Osteomimetic Polyphosphate Modified Graphite as a Degradable, Cell Instructive Scaffold for Bone Regeneration (Anne, Brian)
Severe bone injury can occur due to traumatic events such as
automobile accidents or battlefield injuries, and every year millions of
patients in the United States undergo procedures, often invasive and painful,
every year to correct these deformities. Currently, autologous tissue
transplantation or implantation of prosthetic devices is used as a therapeutic
treatment for large defect areas: both therapies suffer limitations.
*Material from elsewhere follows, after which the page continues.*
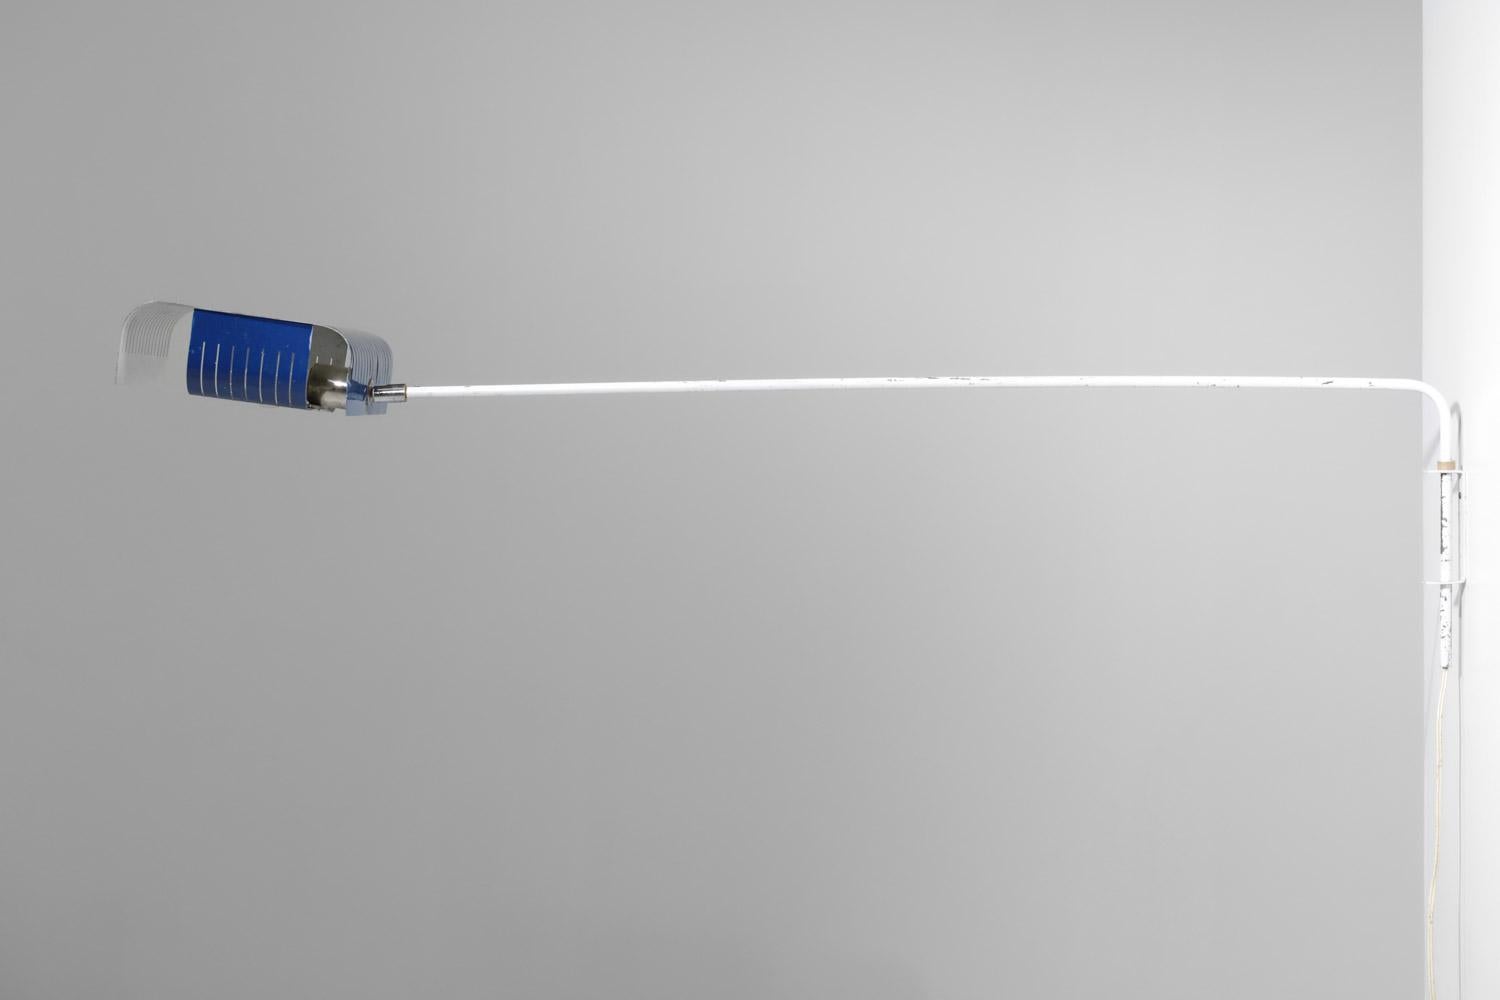 Lange französische Wandlampe aus den 60er / 70er Jahren. Struktur aus weiß lackiertem Metall, Lampenschirm aus perforiertem und gefaltetem Metall, blau und weiß lackiert (Originalfarbe). Möglichkeit der Ausrichtung des Lampenschirms dank eines

To
encourage healing beyond this critical juncture, we have designed a biomaterial
that innately encourages regeneration by sustaining osteogenic stem cell
differentiation and muting fibrotic differentiation.
In
this way, tissue engineering has emerged as a potential treatment alternative
for individuals plagued with debilitating bone injuries or diseases, as
synthetic materials have potential to direct the healing response. In the
Sydlik Group, we have developed a chemical procedure that lets us transform
graphite into a degradable, cell-instructive scaffold that recapitulates the
properties of native bone to induce bone healing. Starting from graphite, we
oxidize to graphene oxide (GO) and perform further chemistry to give
phosphate-modified graphene (PG) materials. PG can be hot pressed into
bone-shaped constructs that offer excellent and tunable mechanical properties,
degradability, controllable surface chemistry, and biocompatibility.
Next-generation
medical adhesives have the potential to replace sutures as the gold standard of
care for wound closure. However, current adhesives like VetbondTM
and Histoacryl® face challenges to widespread implementation,
including brittleness and an aqueous degradation pathway that releases
formaldehyde. To address these limitations, we designed novel therapeutic
methacrylate (TMA) monomers on the molecular level to impart tunable mechanical
properties, increased water stability, and programmable
bioactivity to cyanoacrylate adhesives. Uniquely, TMAs take advantage of covalent controlled release as a tool to
control the delivery of therapeutic small molecules from different covalent
bonds (anhydride, ester, or amide) directly to injured tissue. Covalent controlled
release from composite TMA adhesives, prepared as 10% TMA by weight in VetbondTM,
was shown to follow the order predicted by hydrolysis chemistry, with the
anhydride-tether TMA adhesive delivering therapeutics on the same order of
magnitude and time scale as topical
medications (8.8 ± 1.5 mg per gram of adhesive after 3.4 h). Compared to
VetbondTM, composite TMA adhesives have shown up to a 71% reduction
in formaldehyde release, improved cytocompatibility in cells present in healing
wounds, and up to a 319% increase in toughness (including both greater lap
shear strength and ductility). Further, all TMA adhesives are effective at
adhering to porcine skin. These transformative materials bring sophisticated
controlled release technology to the field of medical adhesives, combining
effective, convenient tissue fixation with programmable bioactivity.
Studying the thermomechanical properties of copolymers to develop laboratory, theoretical, and communication skills essential to a successful research career (Will)
Graduate and undergraduate education is the key to success in all branches of science: in industry and academia alike. In particular, Carnegie Mellon University is widely recognized as a leader in polymer chemistry, and many classes are offered, as well as research experiences, to prepare students for graduate studies and careers in the field. Despite this breadth, a comprehensive class that provides the hands on laboratory, writing, and presentation skills, as well as theory in the field does not exist. Even after many classes and years of research experience, students enter graduate school or the work force still uncertain about the demands and expectations of how to learn new laboratory techniques, what is required in the writing of a paper or a grant, and what constitutes a good scientific presentation. Further, students many rely on instrumentation to produce results, without a deeper understanding of the principles applied by that instrument.
This
project overcomes these deficits and equips students with the analytical and
practical skills necessary to be successful in a prestigious research
environment. We have designed a course centered around a laboratory experiment.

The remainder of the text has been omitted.